Something a little bit different today, because my remote work schedule is playing havoc with my movie-watching schedule, and it occurs to me that I’ve also talked about books here, so hey, why not go for a media trifecta and talk about a podcast as well?
I’ve mentioned Old Gods Of Appalachia here before, in passing, but now’s as good a time as any to talk in more detail about exactly why I like it, because it’s really fucking good. It’s a horror anthology podcast set in an alternate-universe Appalachia, where malevolent beings have been imprisoned, deep beneath the mountains, for millennia. But time erodes everything, and their prison is not as secure as perhaps it once was.
It’s not an especially complex premise, but it doesn’t need to be, because what makes this podcast so good isn’t the complexity of its premise, it’s the execution. Horror is often - maybe not always, but often - highly reliant on mood and atmosphere, and it’s easy to forget sometimes just how well sound and sound alone - in terms of music, ambient sound, and a practiced storyteller - can evoke mood and atmosphere. It’s sort of funny - when it comes down to it, podcasts like this aren’t really that different from old-time radio plays, which can still be surprisingly effective. Sound leaves a lot to the imagination, and what we conjure in our imagination can so often be so much scarier and so much worse than any literal depiction, because we’re drawing on the things that scare US personally the most.
And this podcast definitely knows how to set a mood. The majority of it consists of a single story, told over multiple episodes, by one storyteller (there are occasionally other voice actors, but this is mostly one person doing most of the narration) who sounds like, in the words of a friend of mine, your grizzled uncle who lives back in the hills and has seen some shit. The language is restrained but evocative, tastefully supplemented by vocal effects, the narrator employs other voices to good effect but not gratuitously so, and other voice actors chime in as well. At every moment, though, the focus is on the story, on establishing a setting and illustrating vividly what is happening there. They give you just enough for your imagination to work with, and it does the rest.
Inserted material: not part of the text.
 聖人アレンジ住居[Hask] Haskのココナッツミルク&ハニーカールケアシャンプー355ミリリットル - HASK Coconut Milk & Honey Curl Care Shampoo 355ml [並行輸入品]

And it’s in service of a really good story. Cosmic horror is one of my favorite types of horror, but as I’ve talked about in the past, it’s been sort of tainted, both by nerd-culture appropriation that reduces it basically to “tentacles and madness,” and by the really appalling beliefs of one of its most notable authors, H.P. Lovecraft. There are still good examples of it out there in film and literature (again, got to give a shout-out to The Croning by Laird Barron), but even when it avoids the racism, sexism, classism, religious intolerance, and just all-around xenophobia of Lovecraft’s cringiest moments, it’s still easy to get it wrong, to assume that all you need is some kind of cyclopean horror from beyond space and some weirdo cultists to get over, and that ain’t it. One of the things that makes this such a good, solid example of cosmic horror is that it isn't a bunch of clichés slapped down into some kind of two-dimensional hillbilly caricature.
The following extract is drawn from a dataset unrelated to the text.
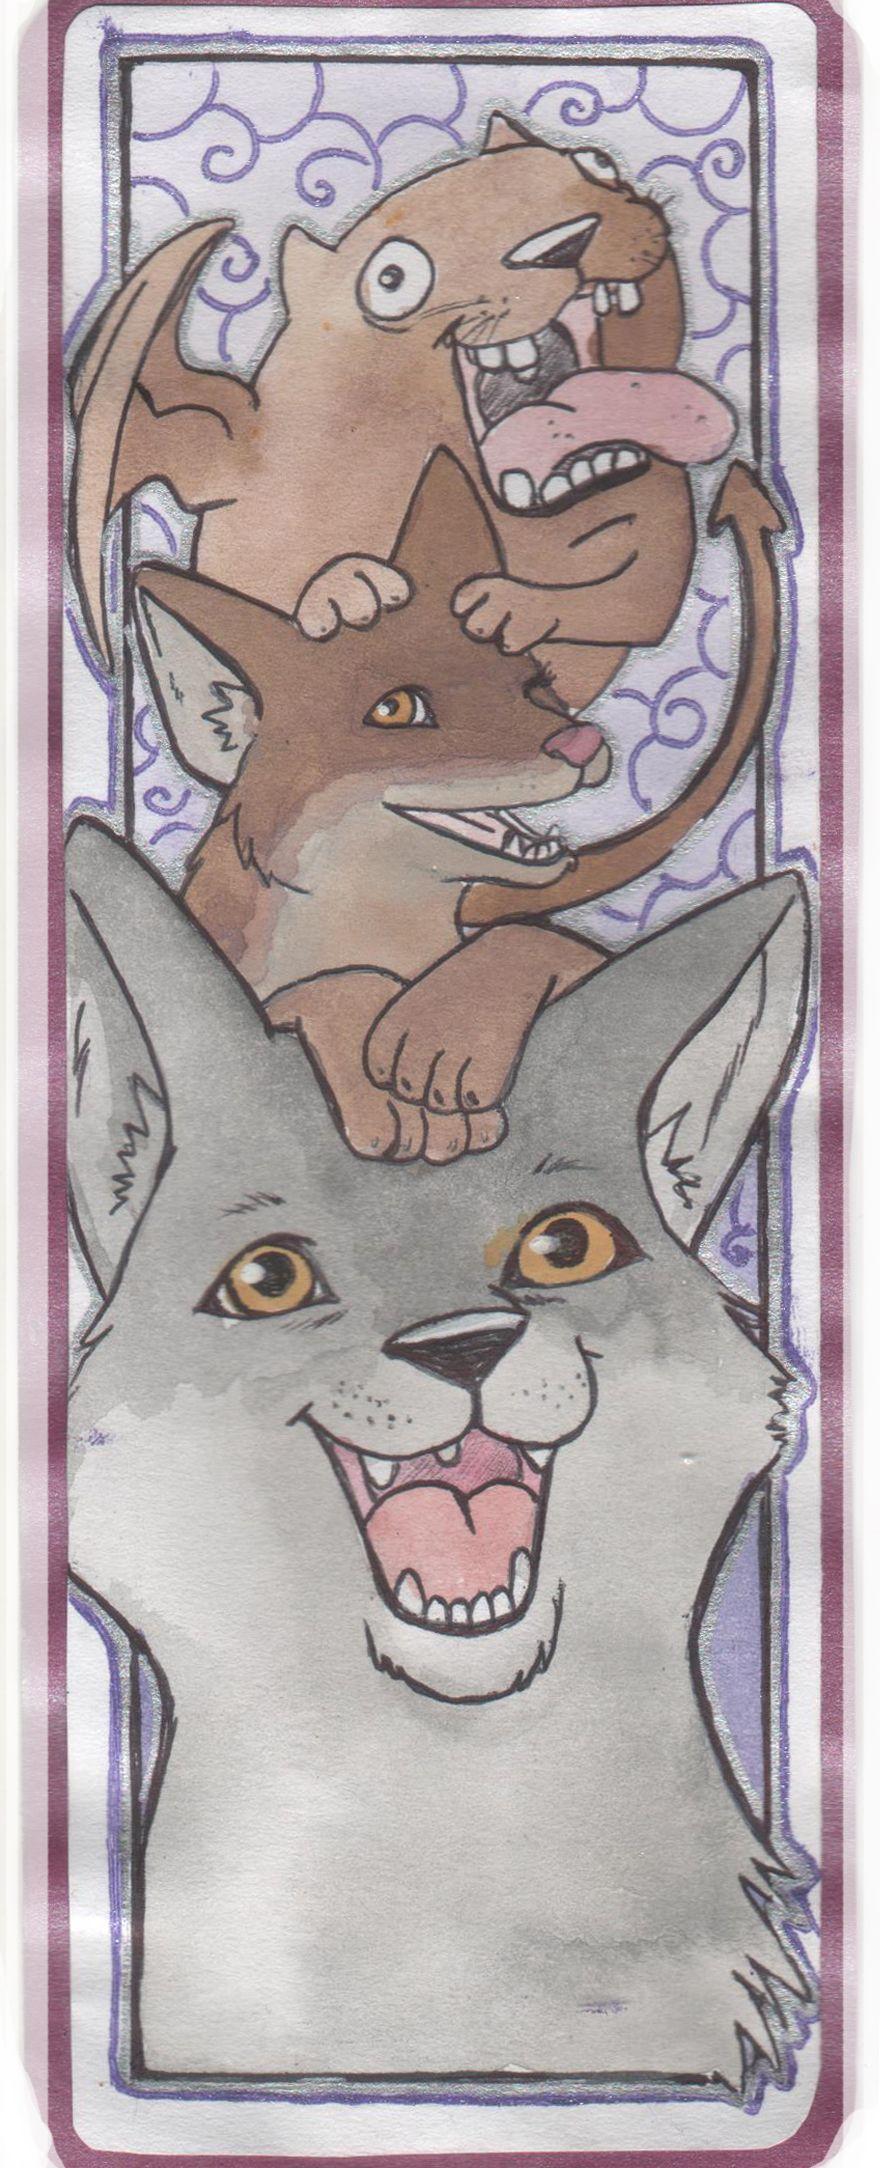 We are more than pets! Rito, Lulu and behemoth Lulu the tasken hound belong to @xkazaliciousx

This may be an alternate-universe Appalachia, but only in the sense that ancient monstrosities are confirmed - horribly confirmed - to exist in this world, and the locations aren’t actual places. The first series is about the mining town of Barlo, Kentucky, and what happens when the coal miners dig too deep, what comes out of the earth, and how it leads to Barlo’s ruin. Now, there is no such town as Barlo, Kentucky in our world, but there are plenty of towns just like Barlo - Appalachian coal towns where everyone gets paid in company scrip, nobody’s ever going to be able to pay back what they owe the company store, and the best you can hope for is to live long enough to retire instead of dying in a cave-in or a fire, and having some relatively good years before the black lung takes you.
That’s real, and so these are stories rooted in a real time and a real place. The people who make this podcast are from Appalachia, live and work in Appalachia, and are tied closely to the land they call home, and so not only is it treated with the respect it is due (Lovecraft’s ideas about the inhabitants of Appalachia were just as awful as his ideas about everyone else), but the horrors that emerge do so organically from this place and time. These aren’t cultists who are evil for reasons, these are coal miners, desperate for any solution to a life of grinding hardship. When evils beyond comprehension walk among these people, they do so as company men, come to tempt them with respite, or as figures of nature - stags with bloody hooves and burning amber antlers.
You get the sense that the people of these hills and hollers have settled somewhere already occupied by warring factions of beings much, much older, who see human beings as pawns or cattle. And likewise, this world is filled with witches who don’t cackle or stir cauldrons, but instead keep gardens of herbs, collect roots, and treat the people of the town and the valley when no doctor can come. Granny women are real, practitioners of country medicine, of old ways that have kept people alive in this part of the world for centuries. There are no erudite scholars here poring over ancient tomes, just people trying to stay alive and push back against things that are ancient and primal. There is a sense of an entire world, an entire secret history gradually unfolding. Not a tentacle or raving lunatic in sight. Put on some headphones, lie back, close your eyes, and listen.